Se há a existência da culpa, seja civil ou penal, por condutas
provenientes desta específica prática médica, pressupõe-se que há um
resultado danoso para um bem jurídico a ser considerado, uma ação ou
omissão e uma relação de causalidade. Se há uma culpa penal, esta se
caracteriza por sua tipicidade, cominação de uma pena e é estritamente
pessoal. A culpa civil não é tipificada, gera o direito à reparação do dano e
pode estender-se a outras pessoas.
A discussão que se eleva é questionar o assunto não somente na
comunidade médica, mas em toda sociedade, através de uma discussão
jurídica que force o Estado a confeccionar parâmetros legais para a proteção
de si mesmo e de todos os agentes que se disponibilizam da técnica médica de
reprodução assistida para facilitar os meios de procriar do homem e de acabar
com as angústias da infertilidade.
4. Conclusão
Os mais diversos problemas de infertilidade e esterilidade humana
foram, em grande parte, solucionados pelas ciências biomédicas através da
revolução tecnocientífica das últimas décadas.

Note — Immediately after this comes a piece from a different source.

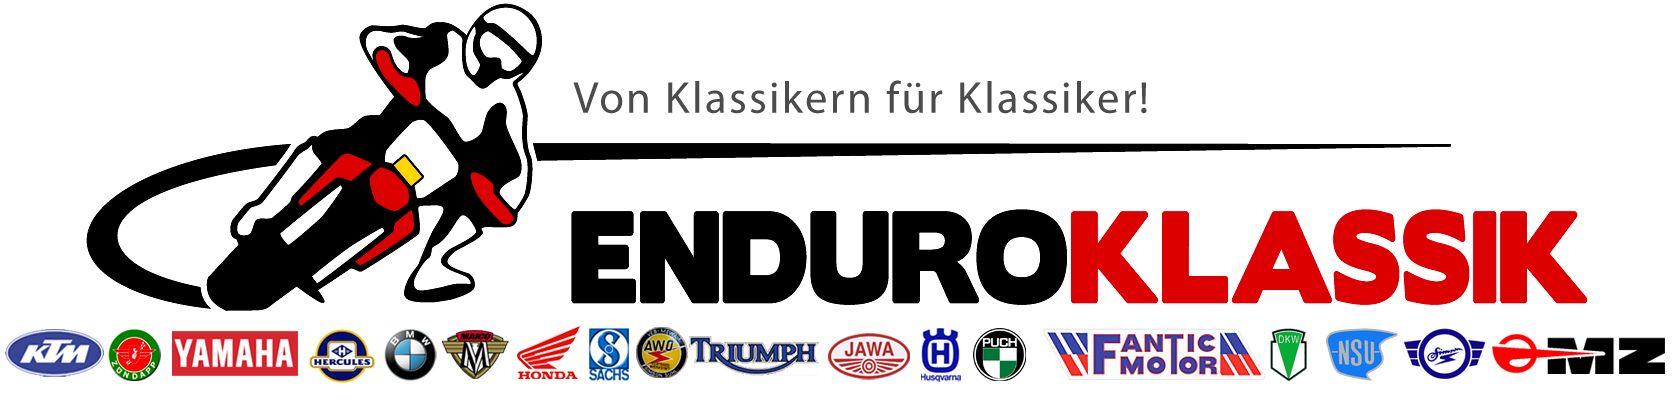 Enduro-Klassik.de

Apesar das benesses dos métodos da reprodução assistida, que
trouxeram a muitas pessoas a alegria de gerar o próprio filho, de atender ao
direito de procriação, de descendência; diversos problemas surgiram e estão
hoje em constante debate, e muitos sem respostas.
Os questionamentos surgiram tão rapidamente e, ao mesmo tempo, com
os aperfeiçoamentos da técnica, consistindo um desafio para a sociedade.
Sendo um desafio, um dilema debatido num movimento sócio-cultural, é
um dilema, portanto, bioético, ou seja, um problema a ser discutido pela
diversidade das ciências da vida e das ciências humanas.
Constituindo uma discussão social, é um problema ainda não legislado
por nosso ordenamento jurídico e que caracteriza um fato que persiste e clama
pelas tutelas jurídicas proporcionadas pelo Direito.
A tutela jurídica proporciona à sociedade uma tranqüilidade tanto para
quem necessita dos procedimentos da reprodução assistida para realizar o
desejo de procriação, para os agentes que possibilitam que tal desejo se torne
um fato concreto, para o Estado, que diante dos impasses tem o dever de
decidir como devem ser resolvidas as polêmicas levadas aos Tribunais.